PKMNGamesTable = soup.find('table', class_ = "wikitable plainrowheaders")

In [6]:
# Splicing is done here. This is because, after the columns of the table are shown in the list, 
# the column data for "Game" is then presented.

#Column titles spliced from PKMNGamesTable.
column_titles_html = PKMNGamesTable.find_all('th')[:5]

#Game titles spliced from PKMNGamesTable.
game_column_html = PKMNGamesTable.find_all('th')[5:]

In [7]:
# Obtain a cleaned version of the columns.
column_titles = [title.text.strip() for title in column_titles_html]
game_column = [entry.text.strip() for entry in game_column_html]
print("column_titles = ", column_titles)
print("\n")
print("game_column = ", game_column)

column_titles =  ['Game', 'Year', 'Units sold(in millions)', 'GameRankings', 'Metacritic']

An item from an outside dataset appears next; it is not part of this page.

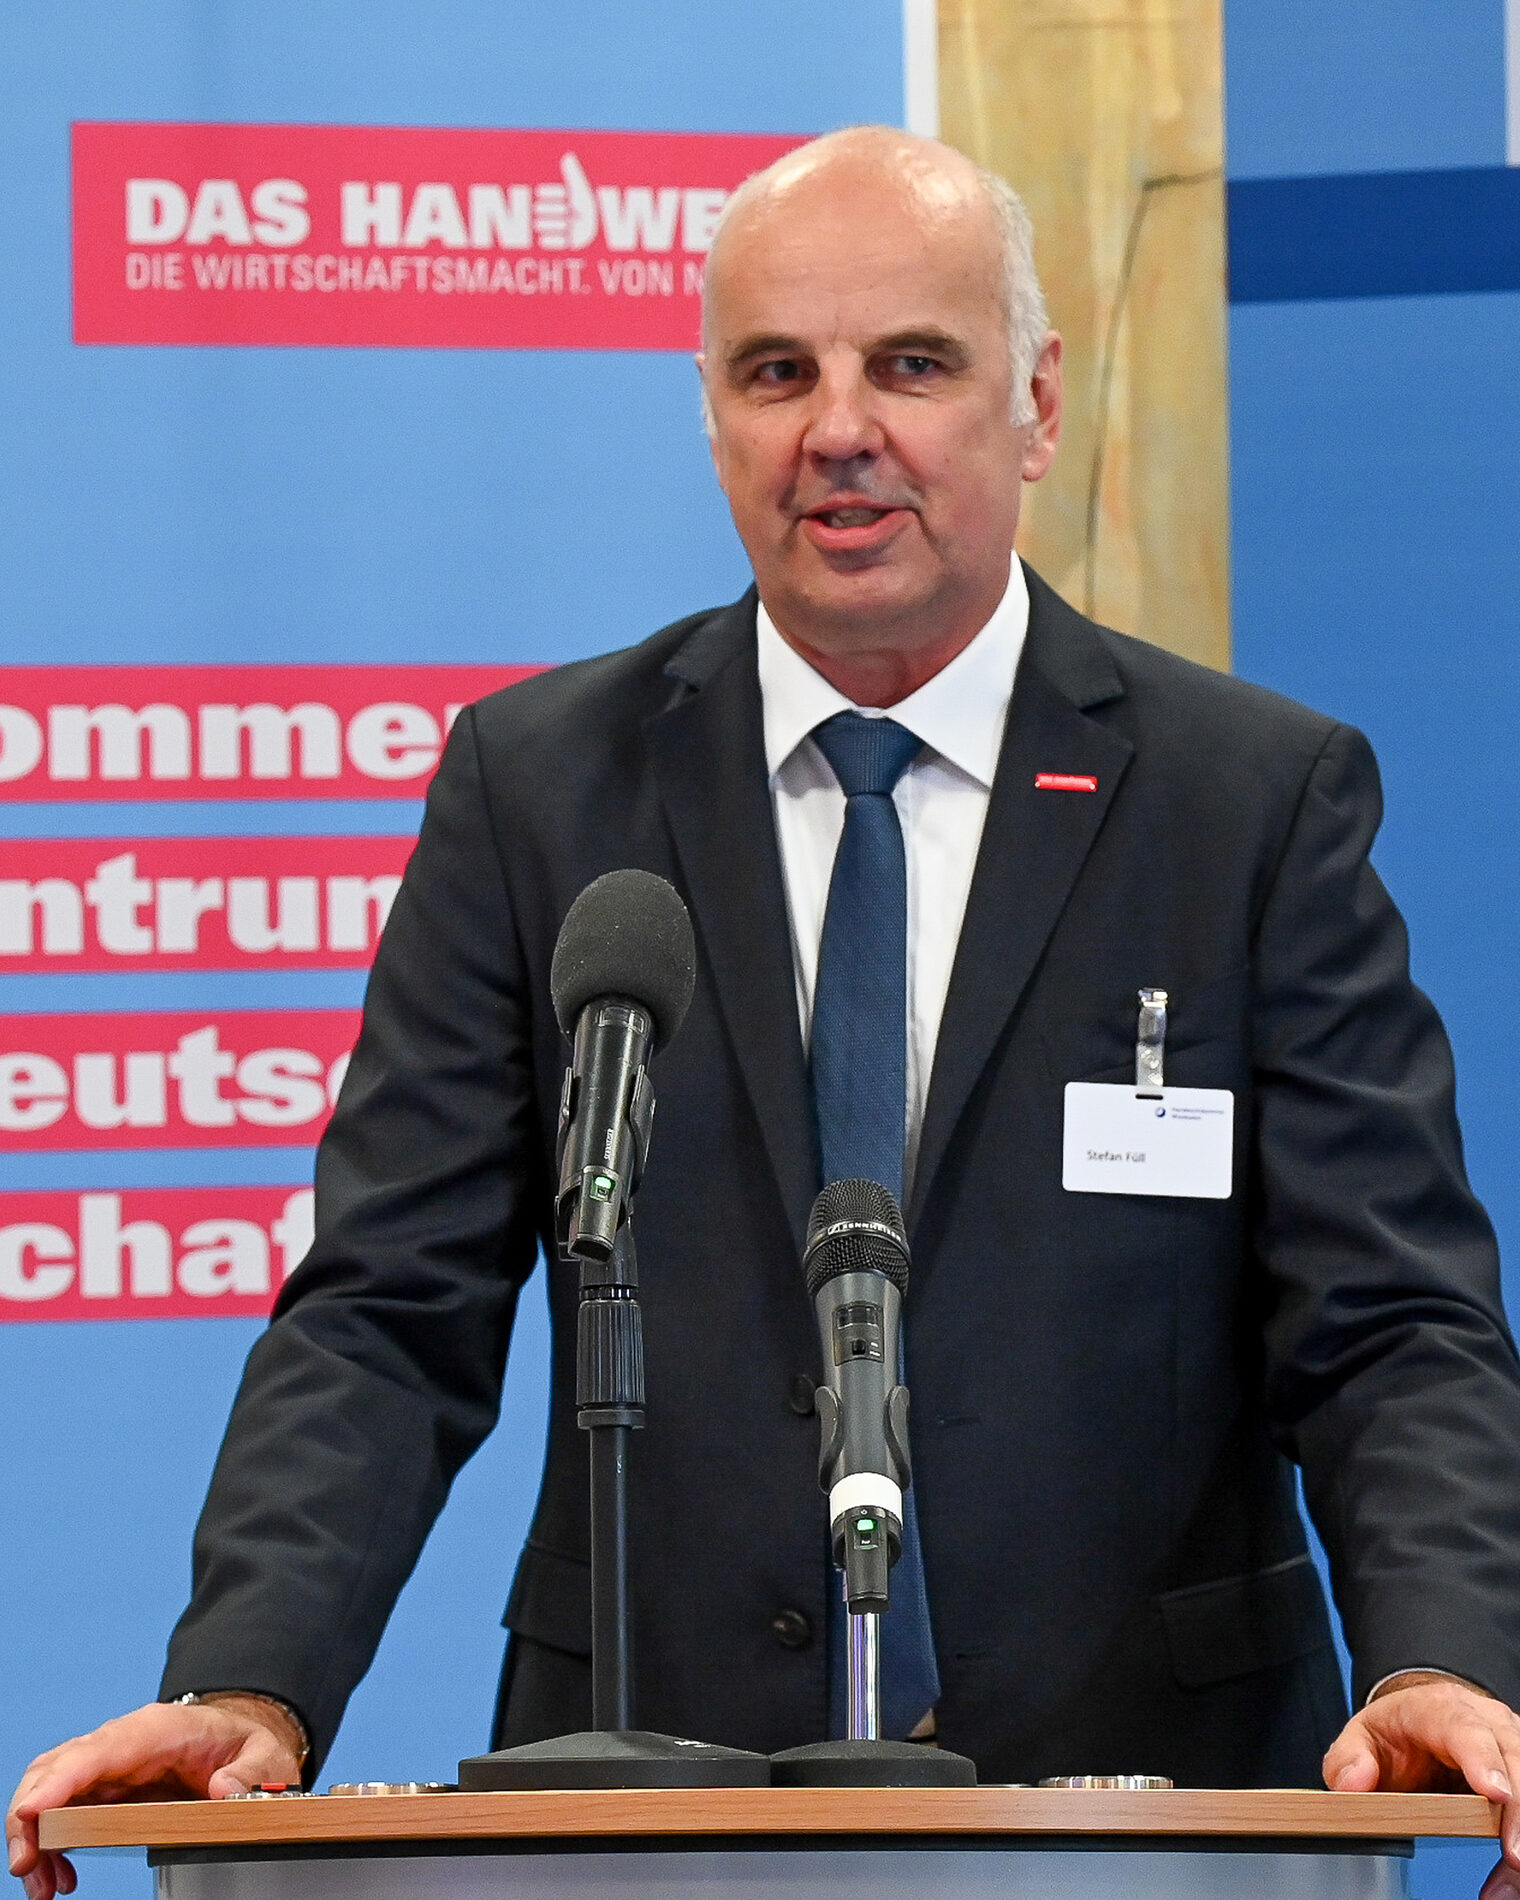 Herr Stefan Füll bei seiner Rede auf dem Jahresempfang der Handwerkskammer Wiesbaden.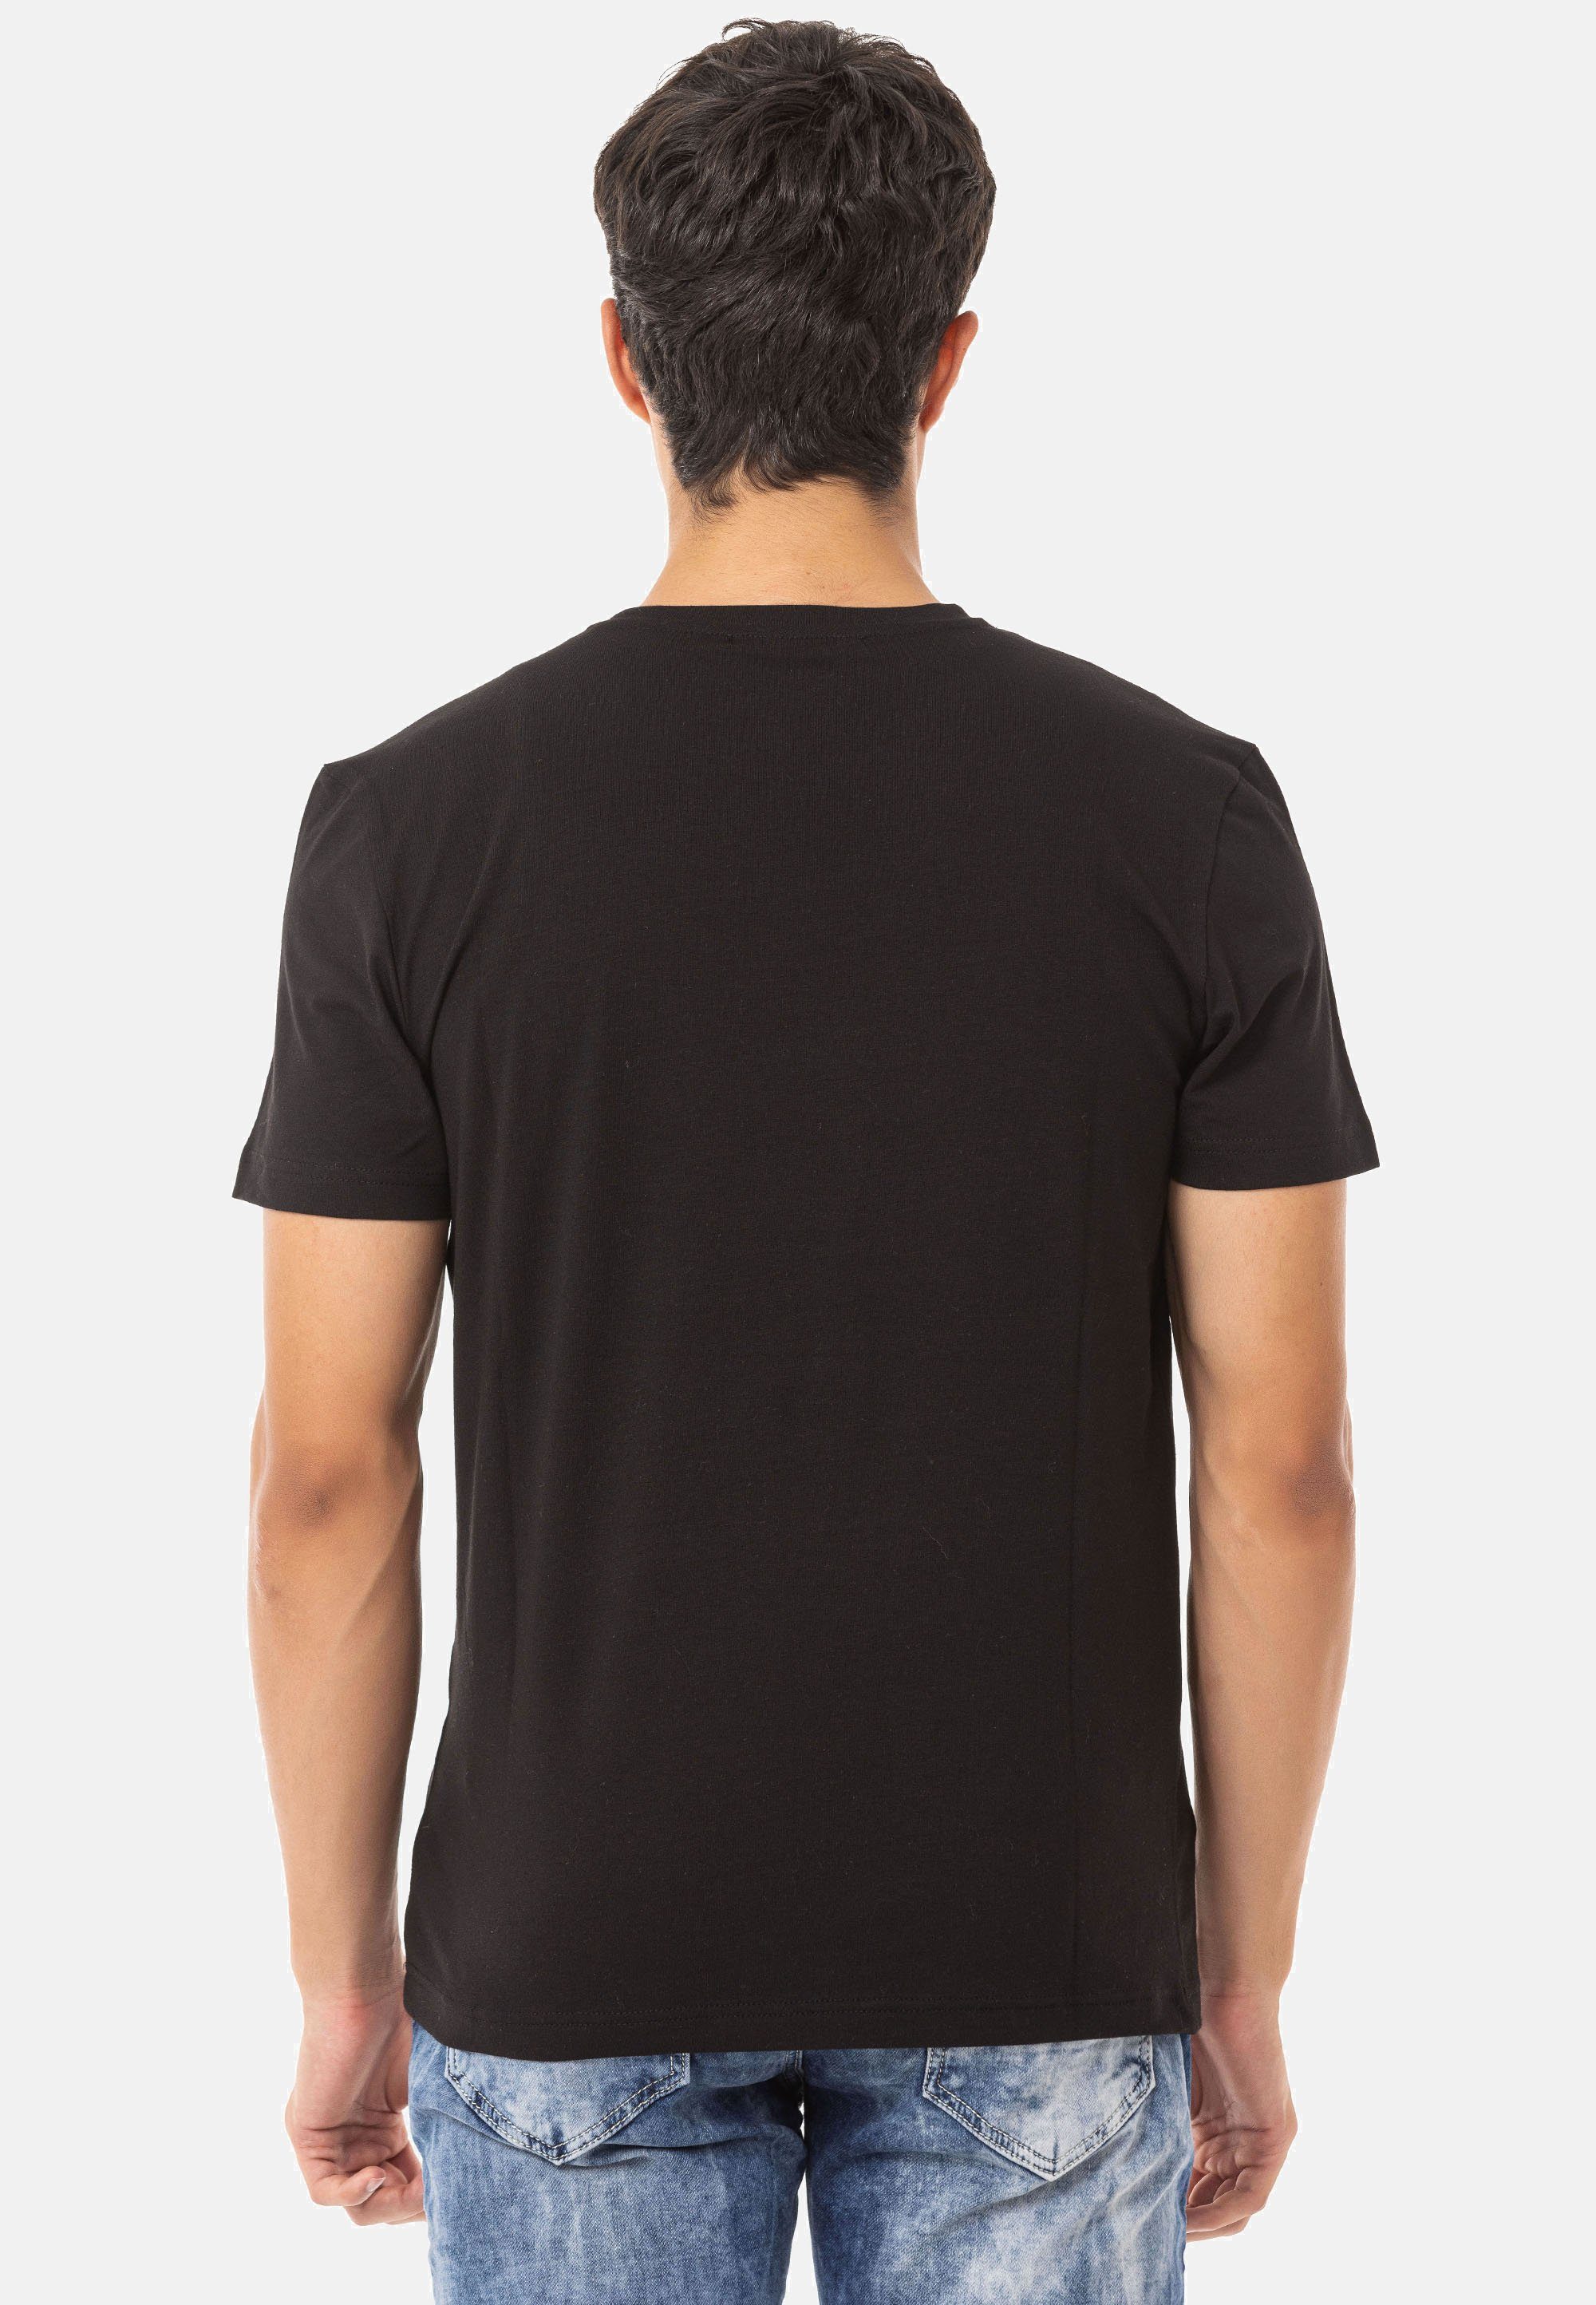 Cipo & Baxx T-Shirt trendigem CT717 Markenprint schwarz mit

game_column =  ['Pokémon Red and Blue', 'Pokémon Yellow', 'Pokémon Gold and Silver', 'Pokémon Crystal', 'Pokémon Ruby and Sapphire', 'Pokémon FireRed and LeafGreen', 'Pokémon Emerald', 'Pokémon Diamond and Pearl', 'Pokémon Platinum', 'Pokémon HeartGold and SoulSilver', 'Pokémon Black and White', 'Pokémon Black 2 and White 2', 'Pokémon X and Y', 'Pokémon Omega Ruby and Alpha Sapphire', 'Pokémon Sun and Moon', 'Pokémon Ultra Sun and Ultra Moon', "Pokémon: Let's Go, Pikachu! and Let's Go, Eevee!", 'Pokémon Sword and Shield', 'Pokémon Brilliant Diamond and Shining Pearl', 'Pokémon Legends: Arceus', 'Pokémon Scarlet and Violet']


In [8]:
# Generate a new dataframe with column names matching the columns from the scraped table.
df = pd.DataFrame(columns = column_titles)

df

Unnamed: 0,Game,Year,Units sold(in millions),GameRankings,Metacritic


In [9]:
column_data_html = PKMNGamesTable.find_all('tr')

In [10]:
# Add data into pandas dataframe.
for i in range(len(column_data_html[1:])): 
    # Extract the 4 remaining columns of data.
    data = column_data_html[1:][i].find_all('td')
    row_data = [entry.text.strip() for entry in data]
    
    # Add the columns for Game into the first column.
    row_data.insert(0, game_column[i])

    # The length will increase by 1 due to the rows being added to it in df.loc[length] = row_data. This iterates the process. 
    length = len(df)
    df.loc[length] = row_data

In [11]:
# View, uncleaned, extracted dataset!
df

Unnamed: 0,Game,Year,Units sold(in millions),GameRankings,Metacritic
0,Pokémon Red and Blue,1996,31.37[70],88%[71][72],-
1,Pokémon Yellow,1998,14.64[70],85%[73],-
2,Pokémon Gold and Silver,1999,23.73[74],90%[75][76],-
3,Pokémon Crystal,2000,6.39[70],80%[77],-
4,Pokémon Ruby and Sapphire,2002,16.22[78],84%[79][80],82/100[81]
5,Pokémon FireRed and LeafGreen,2004,12[78],81%[82][83],81/100[84][85]
6,Pokémon Emerald,2004,6.32[86],77%[87],76/100[88]
7,Pokémon Diamond and Pearl,2006,17.67[89],85%[90][91],85/100[92][93]
8,Pokémon Platinum,2008,7.06[94],83%[95],84/100[96]
9,Pokémon HeartGold and SoulSilver,2009,12.72[89],88%[97][98],87/100[99][100]


In [12]:
# Convert to CSV for cleaning and analysis.
df.to_csv('/Users/adnanhussain/Documents/PokemonGamesData.csv', index=False)